Soil available nutrients are those nutrients present in the soil that can be directly absorbed and utilized by plants. Available nutrient contents are important indicators of soil fertility and are essential to improving crop yield [31]. In this study, the RPAE, RAF, and RHF treatments increased soil alkaline hydrolyzable nitrogen, available phosphorus, available potassium, and organic matter content compared with the CF and RF single-application treatments, and this created a basis for wheat yield increase. This result may be due to two reasons. (1) Organic fertilizers accelerate organic matter transformation: Through the application of organic fertilizers and the consequent decomposition and transformation of their contents, additional organic matter is brought to the soil, increasing the pre-existing SOM, which is one of the important indicators of soil fertility. (2) The combined application of chemical and organic fertilizers can bring their respective advantages into play. The readily available nutrients in chemical fertilizers can meet the nutrient demand of crops, while the substances in organic fertilizers can improve the soil environment and increase the activity of soil microorganisms, thus promoting the release of nutrients in organic fertilizers and improving their utilization rate [32]. The RPAE treatment resulted in the highest soil alkaline hydrolyzable nitrogen, available phosphorus, and organic matter.
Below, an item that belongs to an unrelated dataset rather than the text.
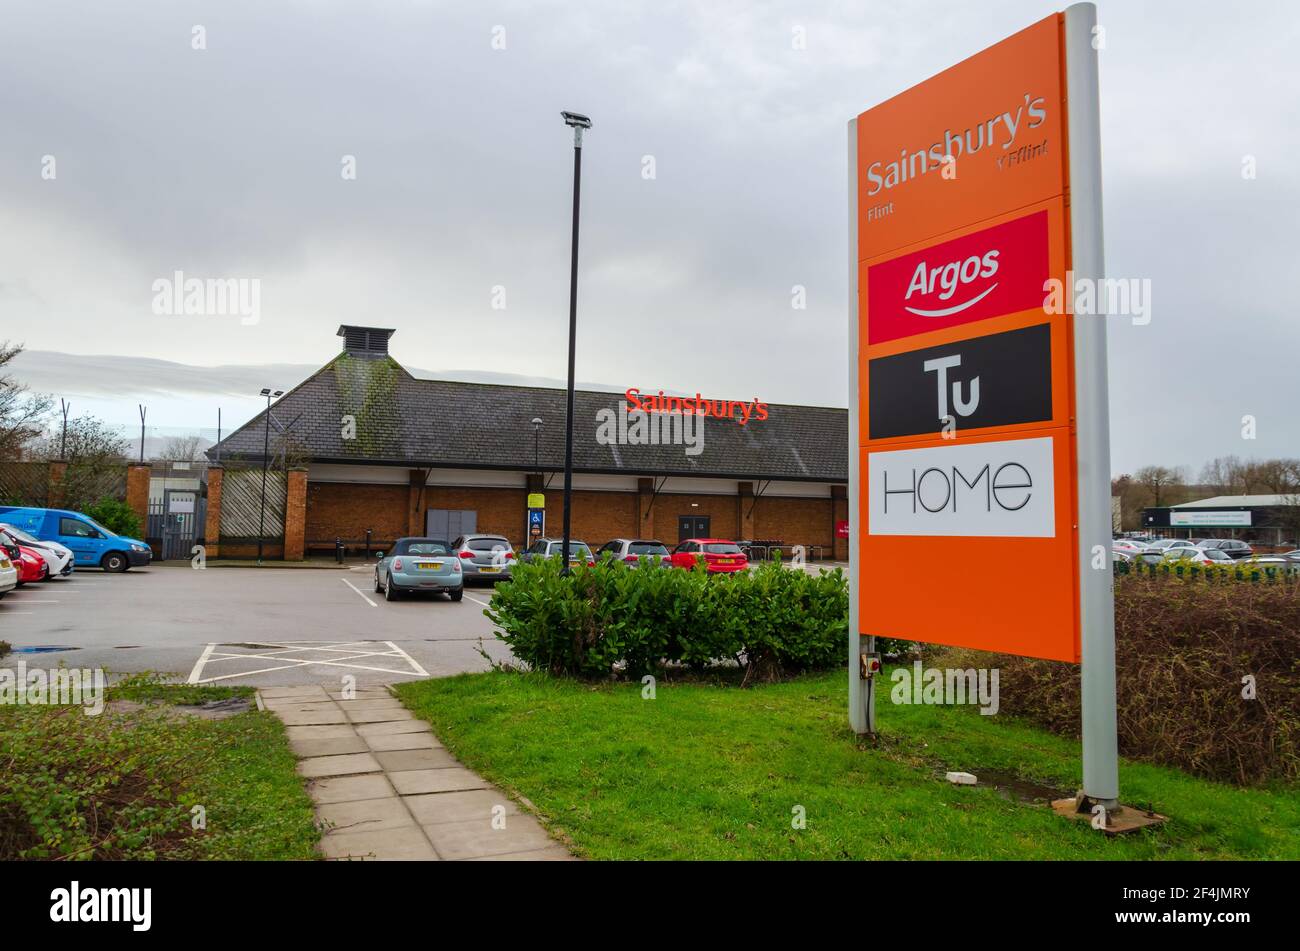 Flint; UK: Jan 28, 2021: Signage beside a Sainsbury's supermarket shows some of the instore brands, including Argos who recently relocated to inside t Stock Photo

This may have been due to the fact that acid leached organic fertilizer-based compost tea has lower pH; its application, following physicochemical and chemical reactions, lowers the pH of calcareous soils, which activates soil nutrients and has a positive effect on their retention [19,33].
The fertilizer utilization rate is the main indicator of fertilizer absorption and utilization by crops; partial productivity reflects the combined effect of soil base nutrient level and fertilizer application; agronomic use efficiency is an accurate indicator for evaluating the efficiency of fertilizer yield increase [34]. Chemical fertilizer partial replacement with organic fertilizer not only improves nutrient use efficiency in crops and reduces fertilizer input but also prevents soil acidification and salinization caused by excessive chemical fertilizer application [35,36]. In the present study, we showed that in the second year of the experiment, the phosphorus fertilizer utilization rate, partial productivity, and agronomic use efficiency were reduced in plots that had been subjected to the RF treatment compared with those that had undergone the CF treatment, which is inconsistent with the findings of other studies [37]. This may be related to the amount of fertilizer input; in our experiment, nitrogen fertilizer was reduced by 23.0%, while phosphorus fertilizer was reduced by only 1.5%. Compared with the CF and RF single-application treatments, the RPAE, RAF, and RHF treatments allowed the effects of organic fertilizers and chemical fertilizers to be obtained, which not only ensured the supply of nutrients during the growing season but also promoted the growth and development of the crops, facilitated crop nutrient uptake and utilization, reduced the loss of chemical fertilizer input, and contributed to the increase in the yield of wheat; in turn, this increased the fertilizer utilization rate, partial productivity, and agronomic use efficiency [28]. Overall, the combined application of organic and chemical fertilizers is a feasible fertilizer reduction measure to promote wheat growth and development, increase yield, fertilize the soil, and improve the nutrient utilization rate.

5. Conclusions

On the basis of 23% nitrogen and 1.5% phosphorus reductions, the RF treatment improved the utilization rate of nitrogen fertilizer and ensured the stable yield of the oasis wheat field. Our results indicate that the application of organic fertilizer can promote the accumulation of dry matter in all organs of wheat, increase the accumulation of plant nutrients, improve soil nutrient contents, increase the fertilizer utilization rate, and ensure stable and increased crop yields. The RPAE, RAF, and RHF organic fertilizer treatments increased wheat yield by 3.85%, 1.97%, and 0.67%, respectively; further, the utilization rate of nitrogen and phosphorus fertilizers was significantly increased by 40.46%, 39.28%, and 37.46% (nitrogen) and 9.83%, 8.91%, and 7.46% (phosphorus), respectively, compared with the CF treatment. Among them, the RPAE treatment resulted in higher wheat yield and fertilizer utilization rate in the drip-irrigated wheat fields. Therefore, the combined application of organic and inorganic fertilizers is a feasible fertilization scheme and theoretical basis for wheat production which is conducive to the sustainable development of wheat fields in Xinjiang.

Author Contributions

Conceptualization, X.C. and J.L.; data collection, L.C., X.Y., S.L., M.Y. and J.Z.; result analysis and interpretation, X.C., L.C. and H.H.; writing—original draft preparation, X.C.; writing—review and editing, J.L. All authors have read and agreed to the published version of the manuscript.

Funding

This work supported by the Major Science and Technology Special Projects in Xinjiang Uygur Autonomous Region (2022A02007-4), the national key research and development project (2021YFD1900802), the Achievement Transformation and Technology Promotion Project of Shihezi University (CGZH202203), and the Northwest A&F University horizontal project “Common Technology Research on quantitative reduction of wheat fertilizer application in main wheat areas”.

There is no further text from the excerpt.